The set is a visual feast of floor-to-ceiling books and overlapping modern art. Remarkably, set designer David Zinn has layered the walls without making the space feel claustrophobic. Justin Townsend's lighting complements the design perfectly, eliding the varied spheres of Essendine's life from the bright lights of his living room 'stage' to the warm glow of home alone, when the Ak-tor is just the actor. Susan Hilferty's gorgeous costumes are exquisite, defining each character instantly, in conjunction with Josh Marquette's spot-on period hair styles. When Sandra Shipley as Lady Saltburn breezes onto the scene in Act II, all charm and plummy tones, the perfect cut of her lavender coat dress and coiffure say it all. Big band tunes, aptly curated by sound designer Fitz Patton serenade us during scene changes, extending the mood.

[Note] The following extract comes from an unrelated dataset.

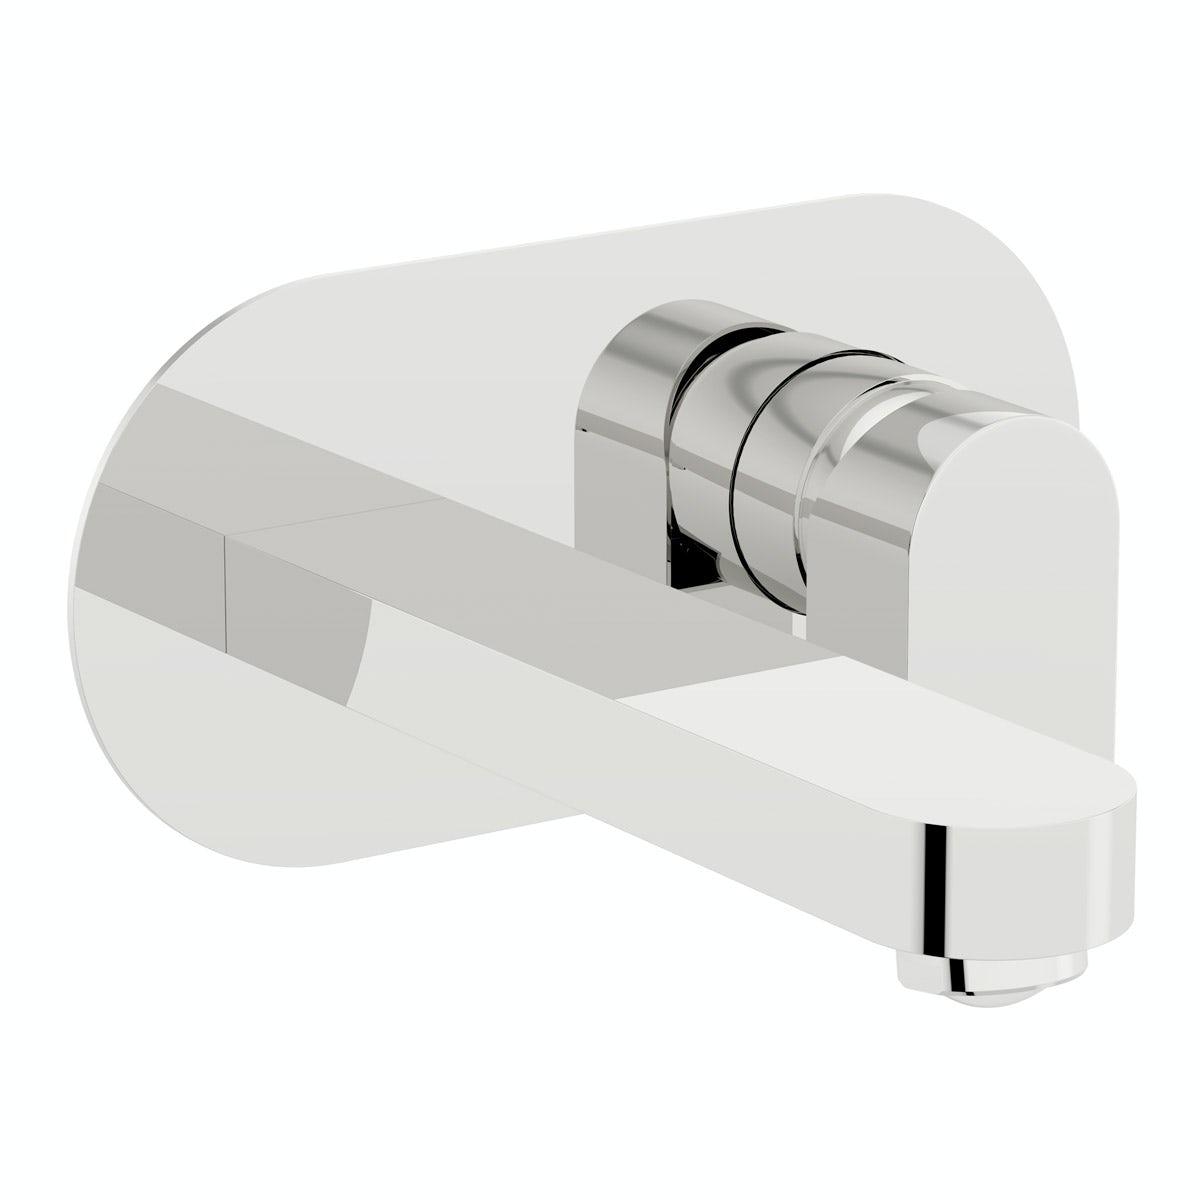 Mode Erith wall mounted bath mixer tap

Farce is not for the faint of heart; one is tempted to push too far. There is no danger of that here. Director Moritz von Stuelpnagel has deftly guided the action without imprisoning his actors. Of course, he has been handed a gift in Kevin Kline, who with his prodigious talent and experience carries a show that sparkles. Don't miss it.
"It’s high time we were reminded again of what a great physical comedian Kevin Kline is. Playing an aging matinee idol in the bouncy new revival of Noël Coward’s 'Present Laughter,' Mr. Kline blissfully plies the witty athleticism and derring-do that won him two Tony Awards ('On the 20th Century,' 'The Pirates of Penzance') and an Oscar ('A Fish Called Wanda') in his youth."
Ben Brantley for New York Times
"Under the smart direction of Moritz von Stuelpnagel the production is in fine feather."
Joe Dziemianowicz for New York Daily News
"Kline enlivens each moment with palpable zest and impeccable style, arrogant brio shading into middle-aged insecurity with a twitch of his perfectly trimmed mustache. He must do more Coward or share his secrets. If Kline can’t immediately commit to Private Lives and Blithe Spirit, we may resort to cloning."
David Cote for Time Out New York
"'Present Laughter' is back on Broadway for the sixth time since it first opened in 1946, and you could say Noel Coward's sublime comedy of manners is as delightful, delicious, and 'delovely' as ever. And what makes the current production stand out even more is Kevin Kline's bravura performance. After a ten-year absence, he is making a glorious return to the Great White Way."
Roma Torre for NY1
"Talk about a match made in heaven. Kevin Kline was born to do Noel Coward, and his casting as Garry Essendine, the 1930s stage star and aging playboy at the center of his own eternal melodrama in Present Laughter, yields a performance of unimpeachable skill, made all the more delectable by its lightness of touch."
David Rooney for Hollywood Reporter
"Whatever would we do without Kevin Kline? In an age of lesser stars, he’s a bona fide matinee idol of the ideal age and with the urbane sensibility to do justice to sophisticated scribes like Noel Coward. 'Present Laughter' is a delicious drawing-room comedy that Coward dashed off in 1942 to amuse himself and his friends, while engaging in a bit of sober self-reflection. Kline relishes the comic challenge in this snazzy production directed by Moritz von Stuelpnagel."